With “Blade” in 1996, Goyer not only brought the half-human vampire hunter to the screen, but put Marvel Comics on the Hollywood map. This tertiary character from the sleeper ’70s “Tomb of Dracula” series was the first Marvel hero to inspire a hit movie.

Goyer pitched a trilogy to New Line “that was Wagnerian in scope — the ‘Star Wars’ of vampire films,” he said. Former New Line executive Michael De Luca “went crazy” over it, he added.

Goyer put a ’90s gloss on “Blade” with a hybrid urban/Hong Kong flair that was a year ahead of the stylistically similar “Matrix.” After “Blade” became a hit, Goyer became Marvel’s “it” guy, writing scripts based on “Nick Fury,” “Dr. Strange” and “Ghost Rider.” He said he may work on Snipes’ pet project, “Black Panther,” if he can also direct.

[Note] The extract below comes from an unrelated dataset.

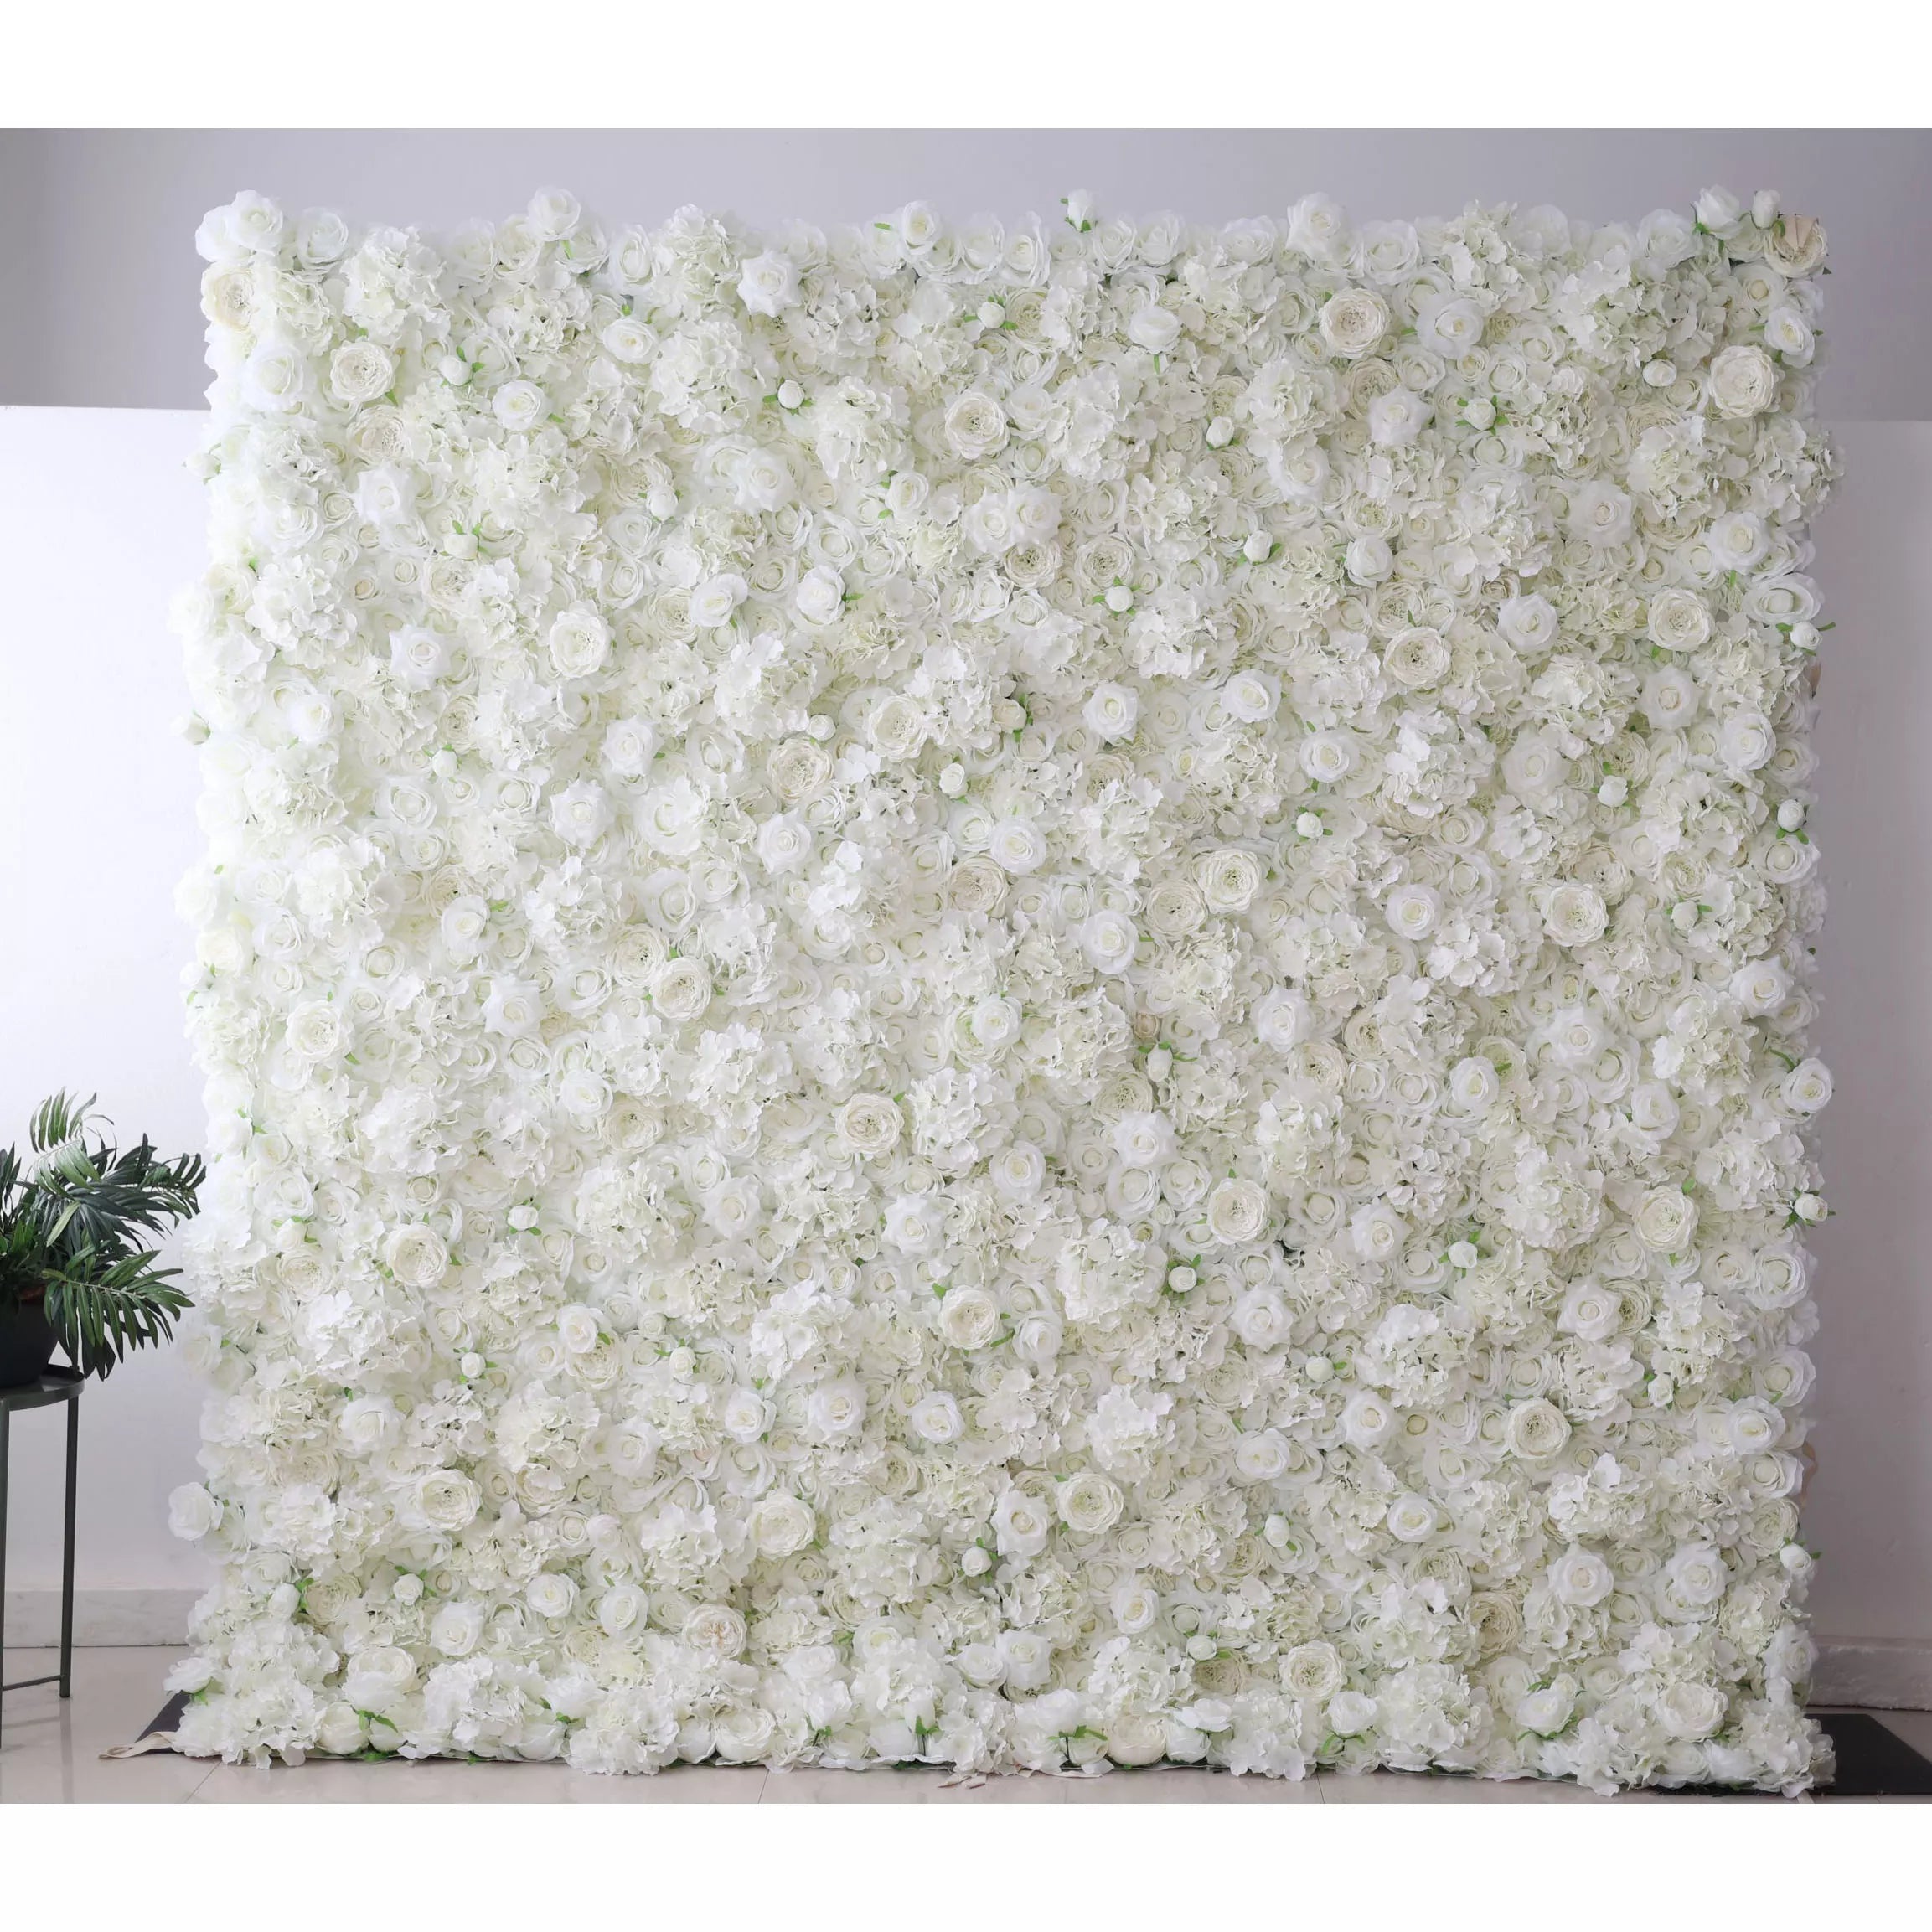 Valar Flowers' Artificial Fabric Flower Wall: Ethereal White Elegance. Immerse in an ocean of pure white blossoms; a luxurious arrangement that epitomizes classic beauty and sophistication, perfect for events desiring grace and angelic radiance.

Yet it was Marvel’s competitor, D.C., that approached Goyer about writing for comics.

“It’s important to write in different mediums,” Goyer says.

And to direct, since even writers get typecast. But Goyer doesn’t take things sitting down. He just premiered his directorial debut, “Zig Zag,” at South By Southwest Music Festival. The independent production, that he wrote, stars John Leguizamo (“Moulin Rouge”) and Natasha Lyonne (“American Pie”).

“It’s the polar opposite of movies I’m known for,” says the drama’s proud papa, now prepping to direct another drama written by Ted Tally (“Silence of the Lambs”). Then he’ll write “Blade 3.”

Full circle for a tough hombre who is one tough act to follow.